I have a data frame like so:
Input:
year ip type
2020 101 Missing
2021 101 Type 1
2022 101 Type 2
2020 102 Missing
2021 102 Missing
2020 103 Missing
2021 103 Type 2
2021 104 Type 1
2022 104 Type 2
2022 104 Type 2
How can I convert my data frame to the following:
Expected Output:
ip type
101 Missing/Type 1/Type 2
102 Missing
103 Missing/Type 2
104 Type 1/Type 2
I have the following solution, but it's not completely correct/what i want.
out = df.drop_duplicates(['ip','type']).groupby('ip')['type'].agg('/'.join).reset_index()
Out[638]:
ip type
0 101 Missing/Type1/Type2
1 102 Missing
2 103 Missing/Type2
3 104 Type1/Type2
For example the only accepted values for type i want are:
- Missing
- Type 1
- Type 2
- Missing/Type 1/Type 2
- Missing/Type 1
- Missing/Type 2
- Type 1/Type 2
With this solution, some instances will have Type 1/Missing or Type 2/Type 1 which I do not want. I would want to alter Type 1/Missing to Missing/Type 1 and alter Type 2/Type 1 to Type 1/Type 2.
I hope this makes sense. I can clarify if not.
CodePudding user response:
We can do pd.Categorical
and get the dataframe sort, notice here I am using the unique
with agg
order = pd.Categorical(df.type,['Missing','Type1','Type2']).argsort()
out = df.iloc[order].groupby('ip',as_index=False)[['type']].agg(lambda x : '/'.join(x.unique()))
out
Out[563]:
ip type
0 101 Missing/Type1/Type2
1 102 Missing
2 103 Missing/Type2
3 104 Type1/Type2
CodePudding user response:
You can use value_counts to determine the unique value pairs. Then sort those into ip-type order. Leverages the fact that the type order you want happens to be in alpha order.

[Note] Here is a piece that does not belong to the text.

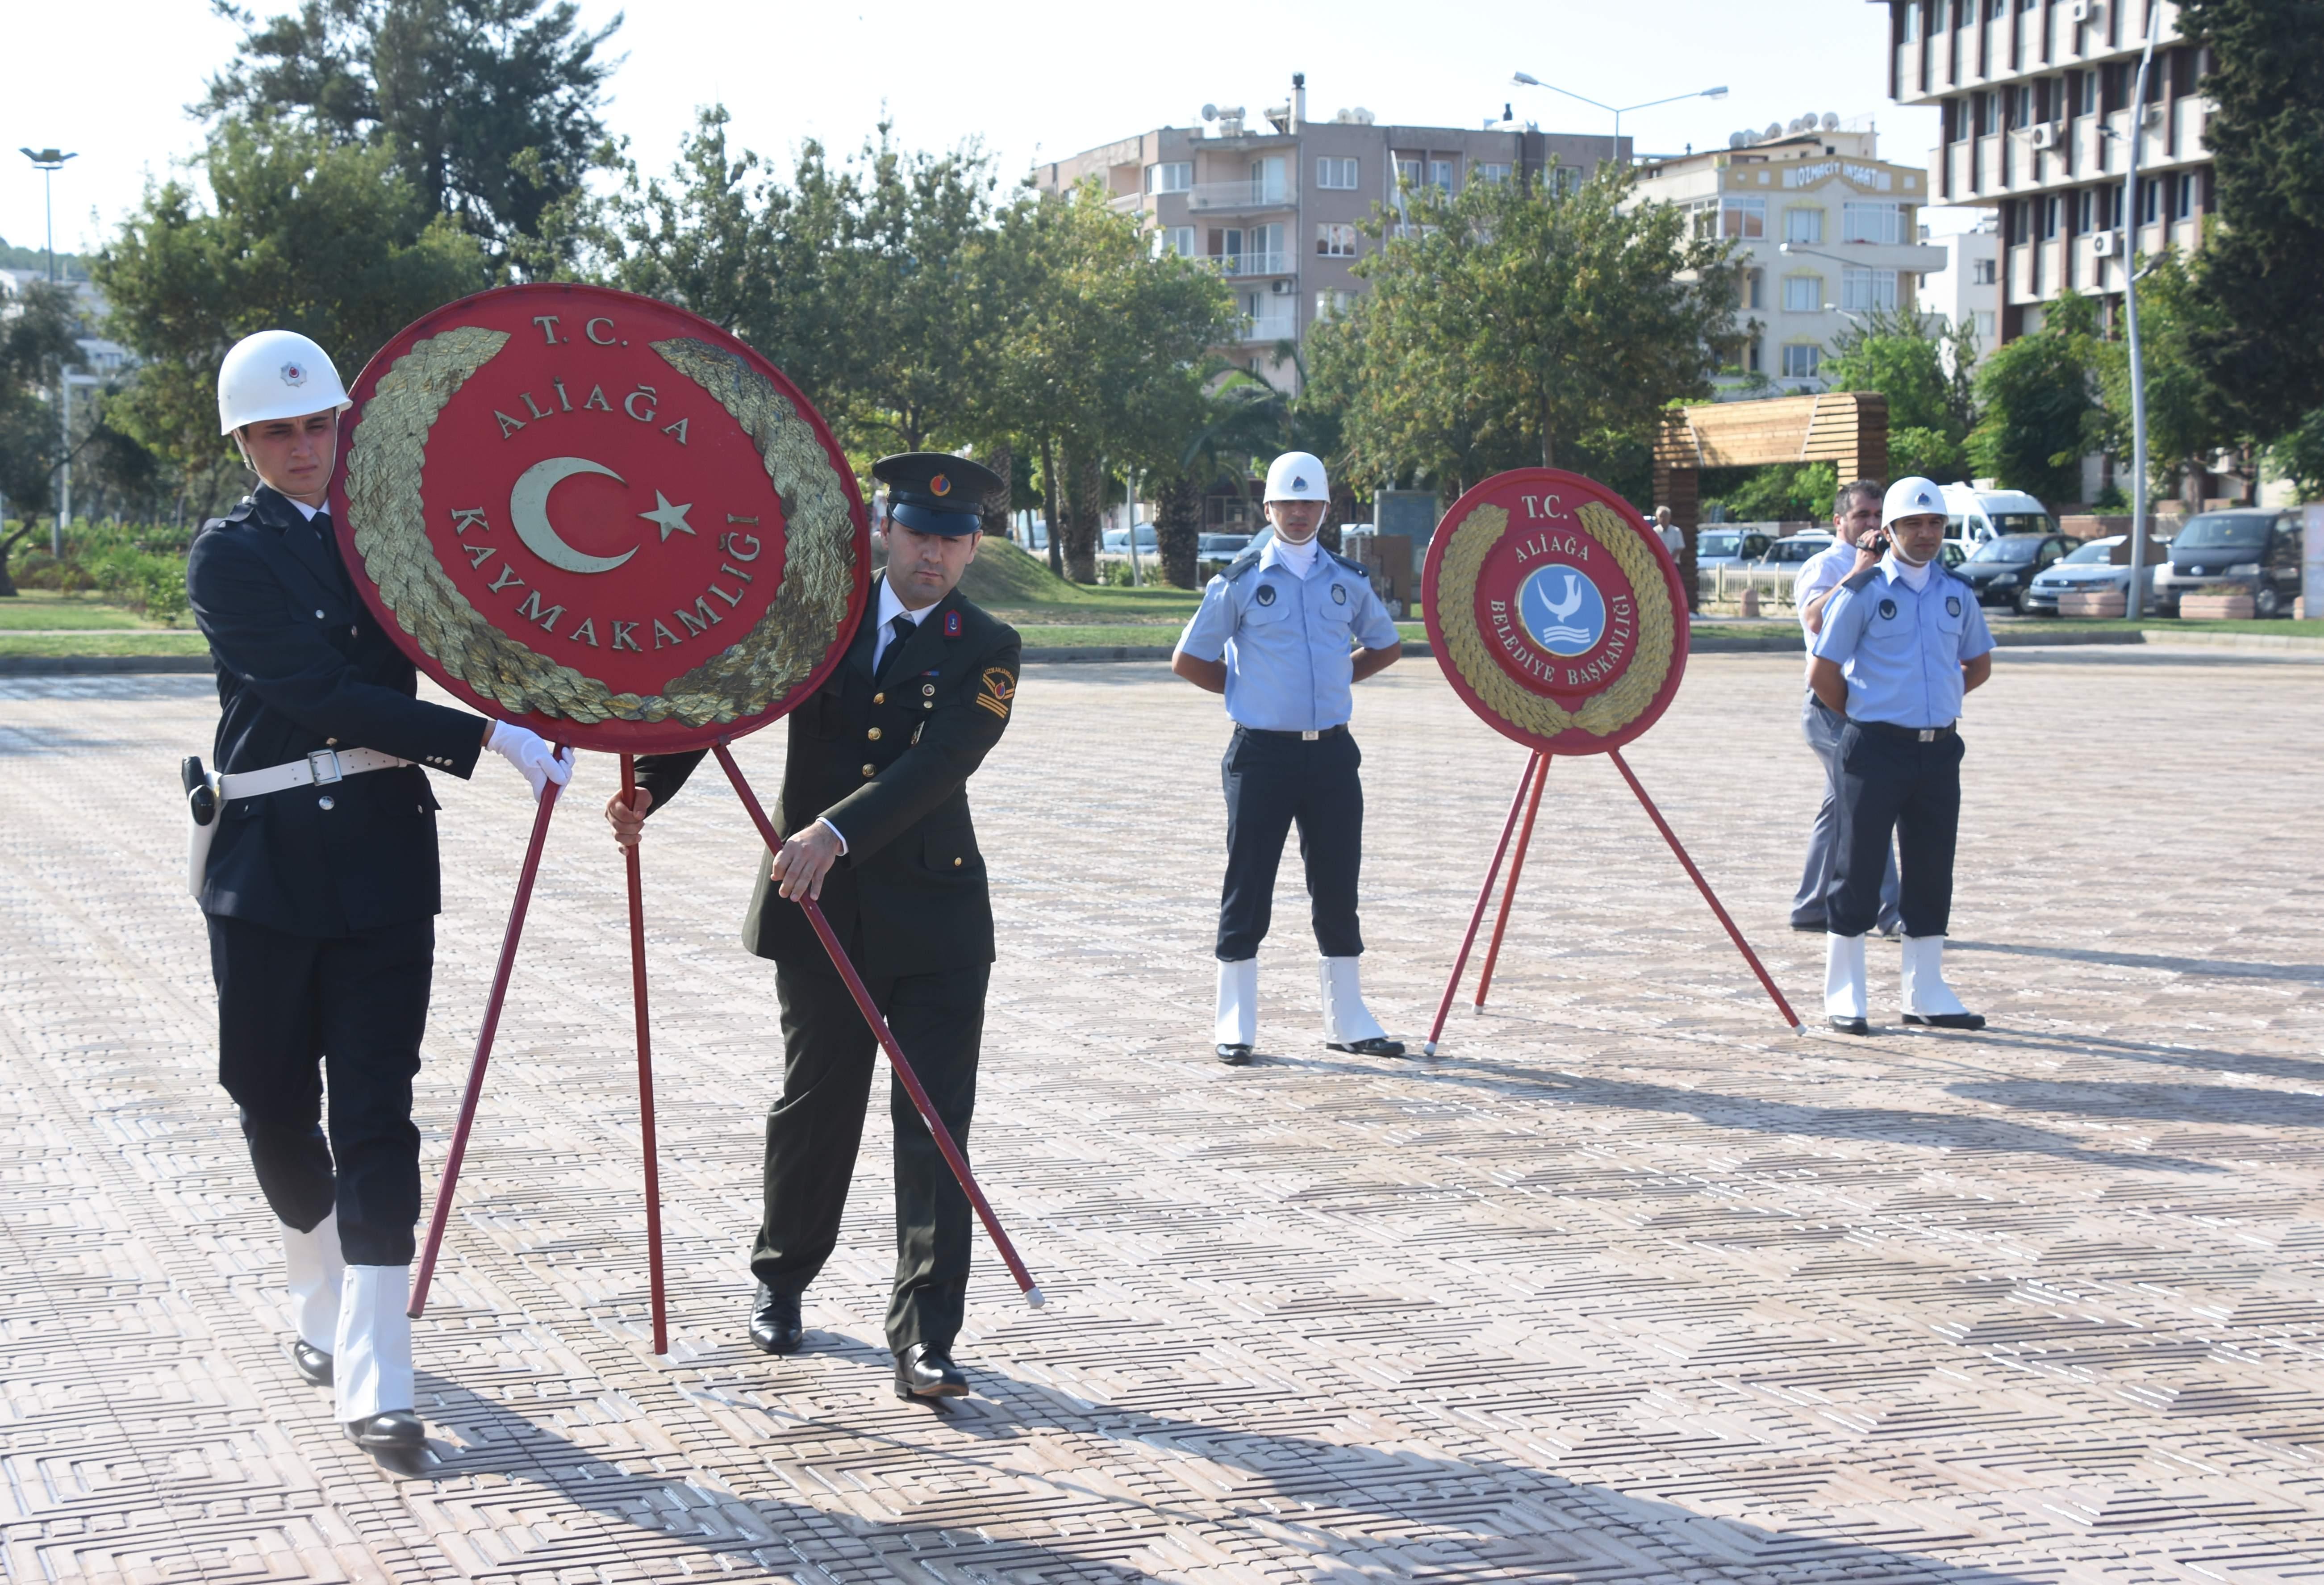 ALİAĞA'DA ZAFER BAYRAMI KUTLAMA PROGRAMI BELLİ OLDU..

Extended DF that introduces out-of-order entries:
year ip type
0 2020 101 Missing
1 2021 101 Type 1
2 2022 101 Type 2
3 2020 102 Missing
4 2021 102 Missing
5 2020 103 Missing
6 2021 103 Type 2
7 2021 104 Type 1
8 2022 104 Type 2
9 2022 104 Type 2
10 2021 105 Type 2
11 2022 105 Type 1
12 2022 105 Missing
13 2021 106 Type 2
14 2022 106 Type 1
df[['ip','type']].value_counts().sort_index().reset_index()[['ip','type']] \
.groupby('ip').agg('/'.join).reset_index()
ip type
0 101 Missing/Type 1/Type 2
1 102 Missing
2 103 Missing/Type 2
3 104 Type 1/Type 2
4 105 Missing/Type 1/Type 2
5 106 Type 1/Type 2
This should handle any order of ip-type combinations.